[Record set Boundary: Start]
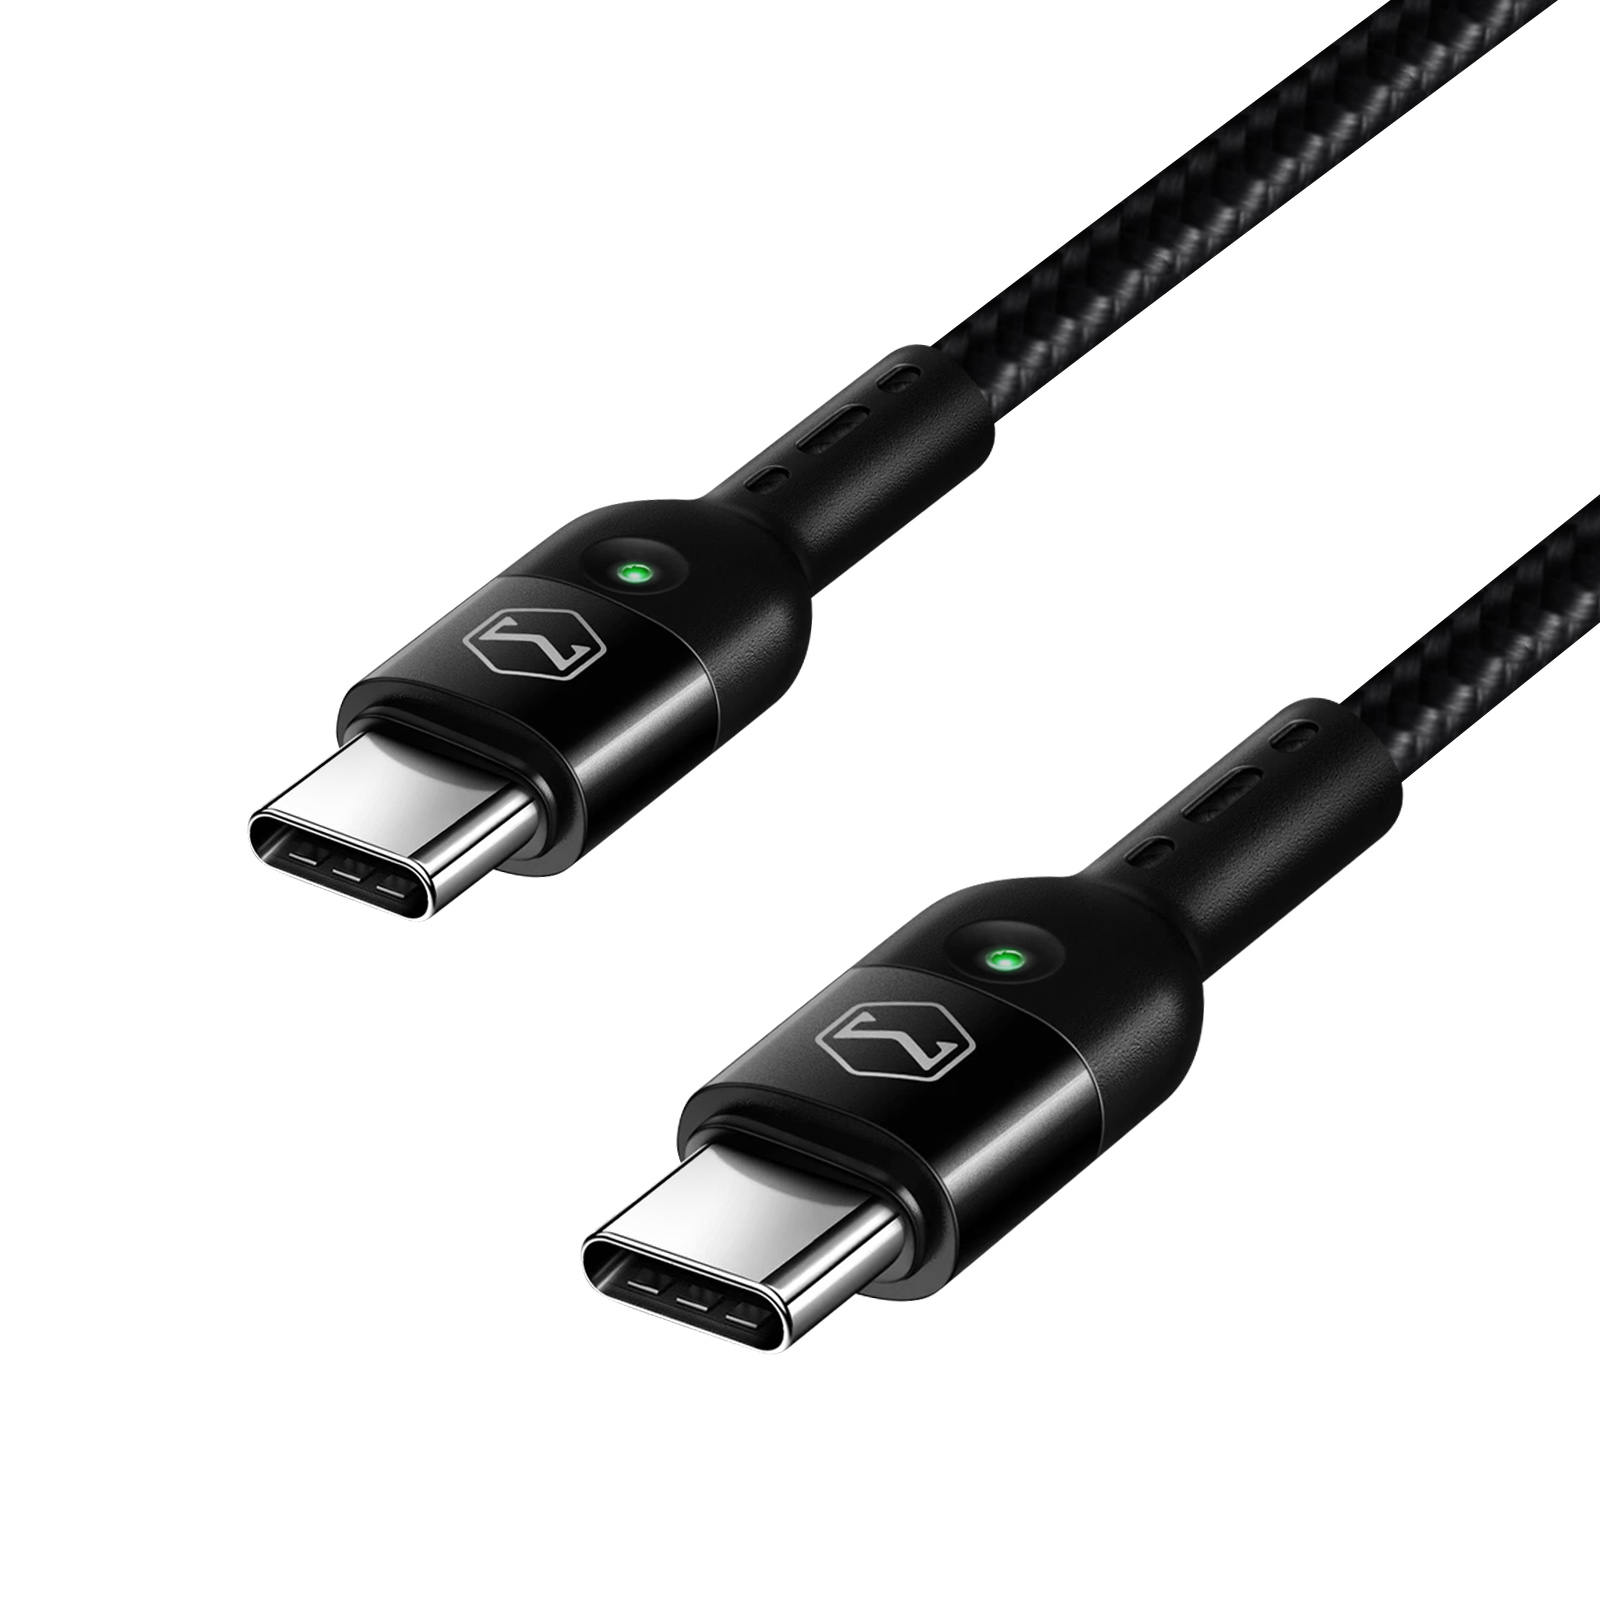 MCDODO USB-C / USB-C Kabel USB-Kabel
[Record set Boundary: End]
[Record set Boundary: Start]
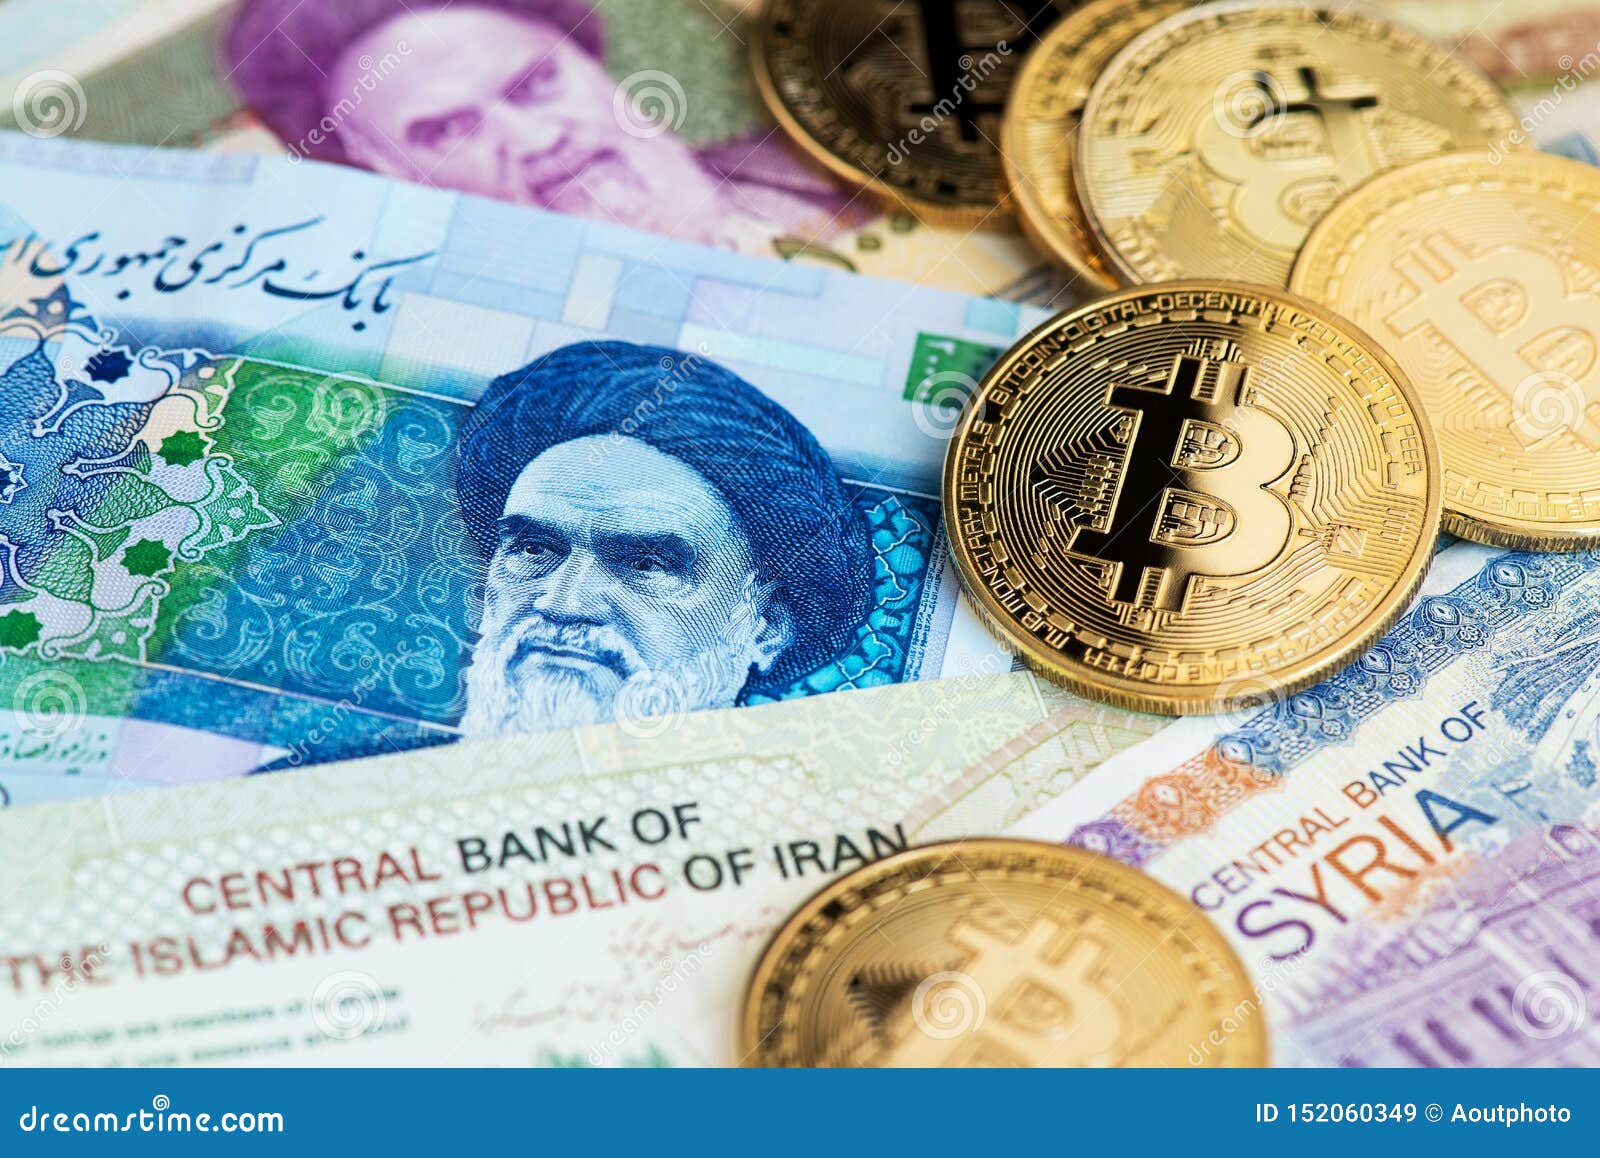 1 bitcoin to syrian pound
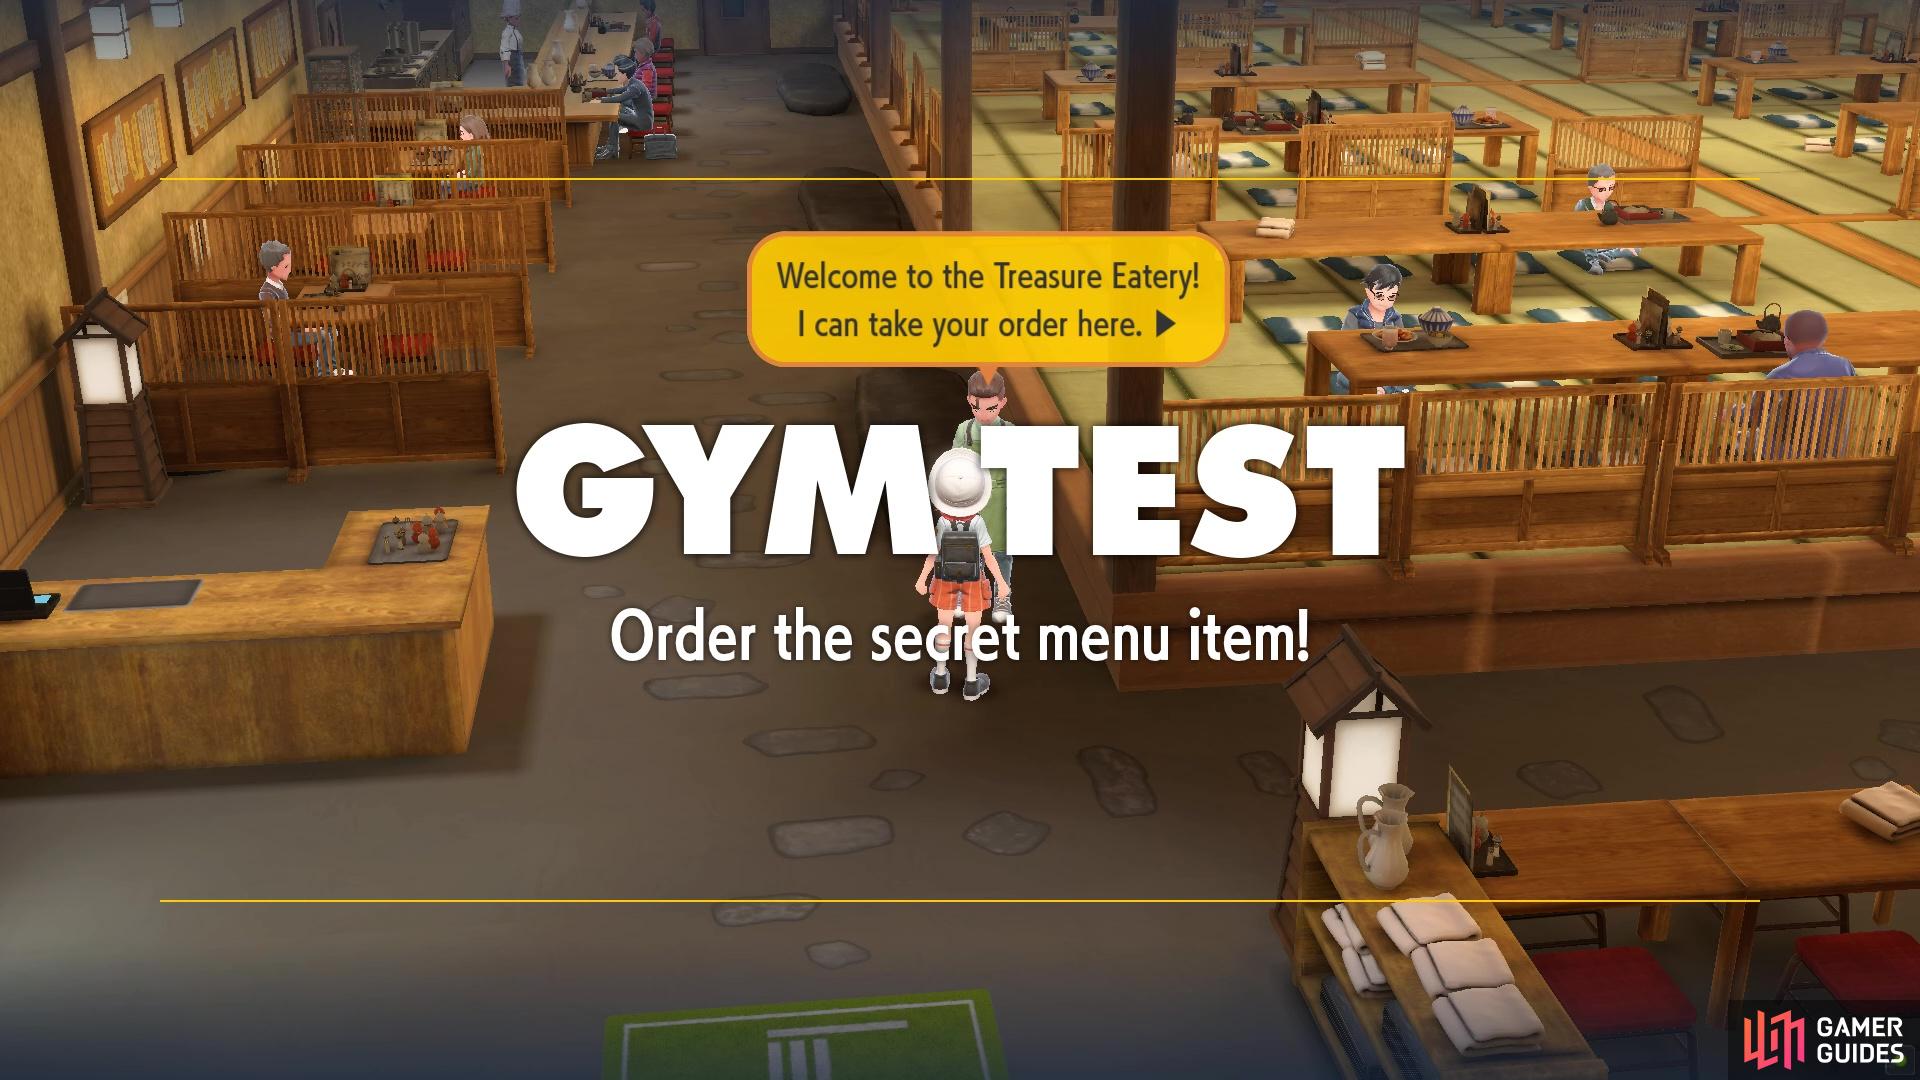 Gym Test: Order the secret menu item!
[Record set Boundary: End]
[Record set Boundary: Start]
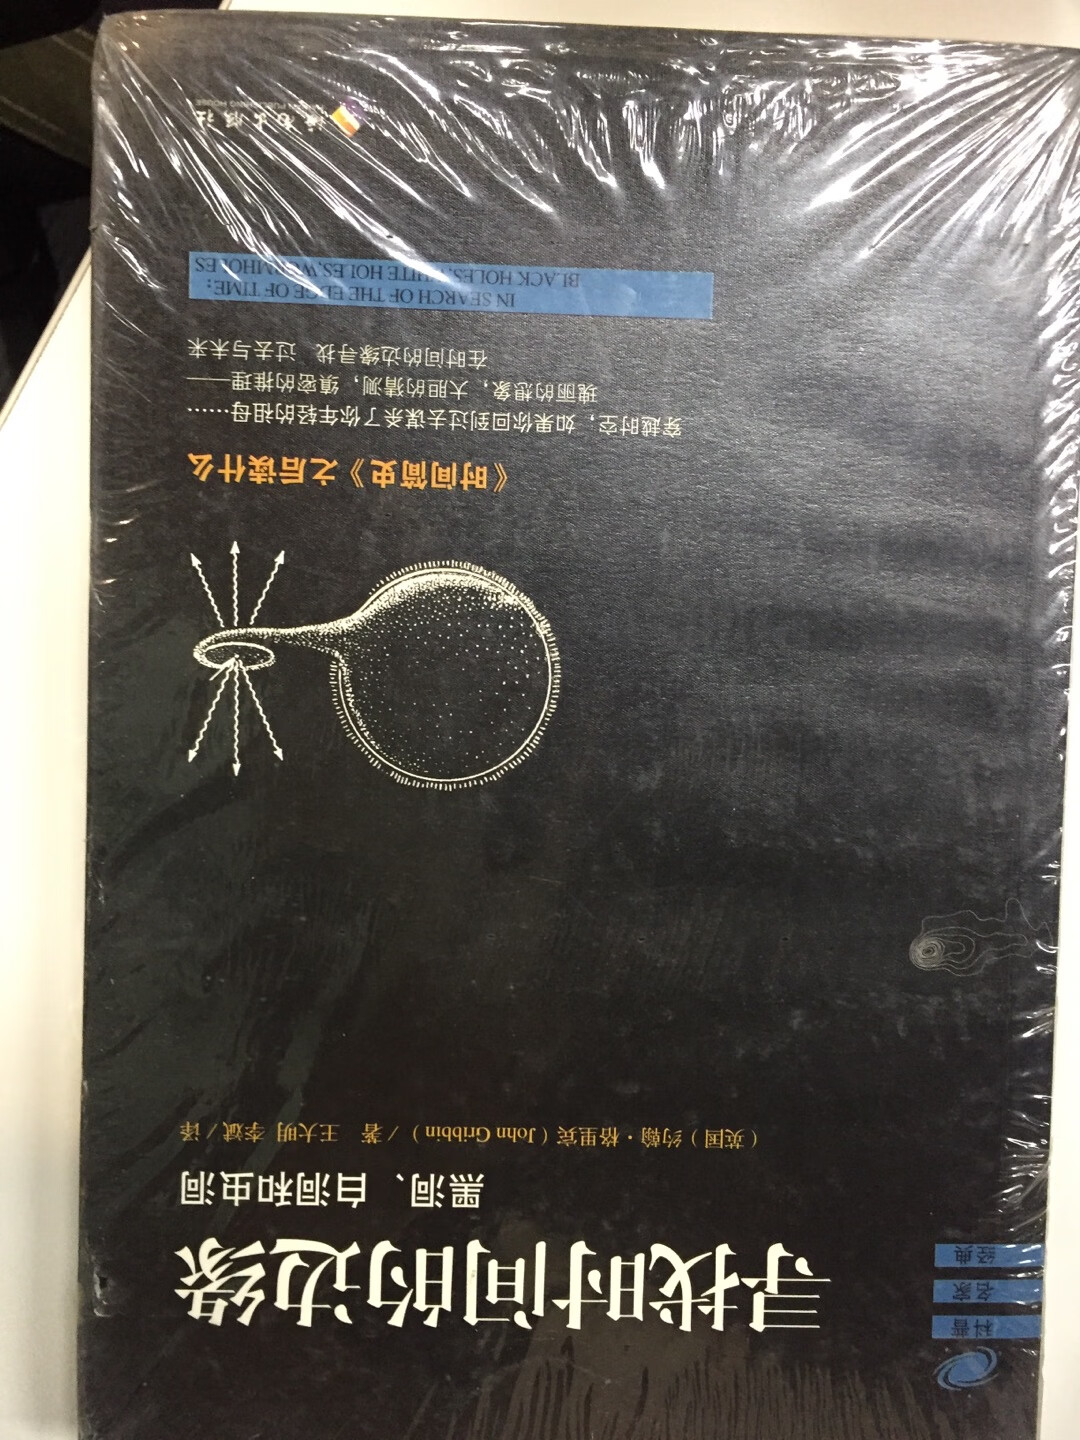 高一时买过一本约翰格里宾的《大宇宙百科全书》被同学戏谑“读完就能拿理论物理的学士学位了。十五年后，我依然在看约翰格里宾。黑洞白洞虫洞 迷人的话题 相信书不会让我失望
[Record set Boundary: End]
Everything above from the line containing "1 bitcoin to syrian pound" down to the line containing "Gym Test: Order the secret menu item!" is to be duplicated exactly, both lines included, and the pictures are to be omitted.

▸ Answer area:
 1 bitcoin to syrian pound
 Gym Test: Order the secret menu item!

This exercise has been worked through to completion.